Styles also reflects on a decision by IC to make mandatory the ability for all carriers to roam at reasonable rates on any domestic network. While such a move was meant to ease the burden for new entrants like WIND and Mobilicity, making it less expensive for their customers to roam on established networks like Rogers and Bell, the decision had a disastrous impact to SaskTel’s bottom line.

“We lost around 90% of our roaming revenue,” says Styles, highlighting the precarious position of regional carriers that have well-established networks and high market shares in narrow slivers of the country. SaskTel appealed to the CRTC after its decision on domestic roaming to make an exception for itself and MTS, another regional incumbent in a similar situation, saying that the abrogation of exclusivity deals would adversely impact its roaming revenues, forcing it to give richer companies like Rogers access to its network for peanuts.

“The price difference between… Saskatchewan and… Alberta is between 30 and 50 percent. Why is that?”
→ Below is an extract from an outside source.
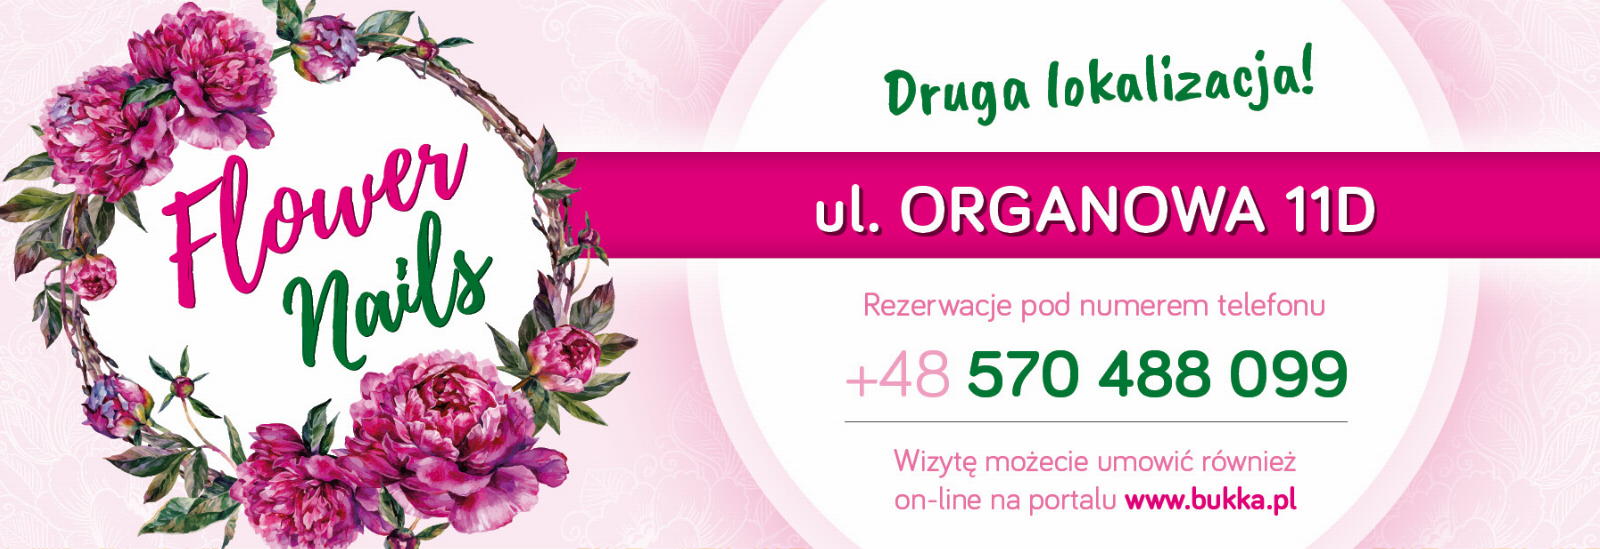 FLOWER NAILS ul. Organowa, Lublin, 316095618-666236011574696-1273105800833894093-n

SaskTel says that its wireless business is still growing, though its ascent in 2015 will be more measured than the previous year. The company intends to begin Voice Over LTE (VoLTE) testing in early 2016, and will roll out Advanced LTE — the ability to combine two downlink channels for increased bandwidth — in the same timeframe.

Such modest goals underwrite a quiet champion of Canadian telecom, an example of a Crown corporation operated with the leanness of a profit-seeking enterprise, and the generous pension policy of a government body. Its success also highlights a key disparity between provinces like Manitoba and Saskatchewan, where the Big Three carriers don’t hold an iron grip, and those in which they do, like Ontario and Alberta.

If WIND Mobile manages to obtain enough spectrum, and raise enough capital, to successfully compete with Rogers, TELUS and Bell in the provinces it operates, will prices lower accordingly? It’s unlikely things will play out in the same way — SaskTel has fewer subscribers overall than WIND — but there is clearly plenty of room between the heightened plan prices in Canada’s largest cities and the margin floor decried by Canada’s largest carriers.

An original version of this article said that SaskTel’s TDD LTE rollout was the first in North America. Other companies, such as Northern Ontario-based Xplornet, rolled out a similar fixed LTE solution in mid-2014.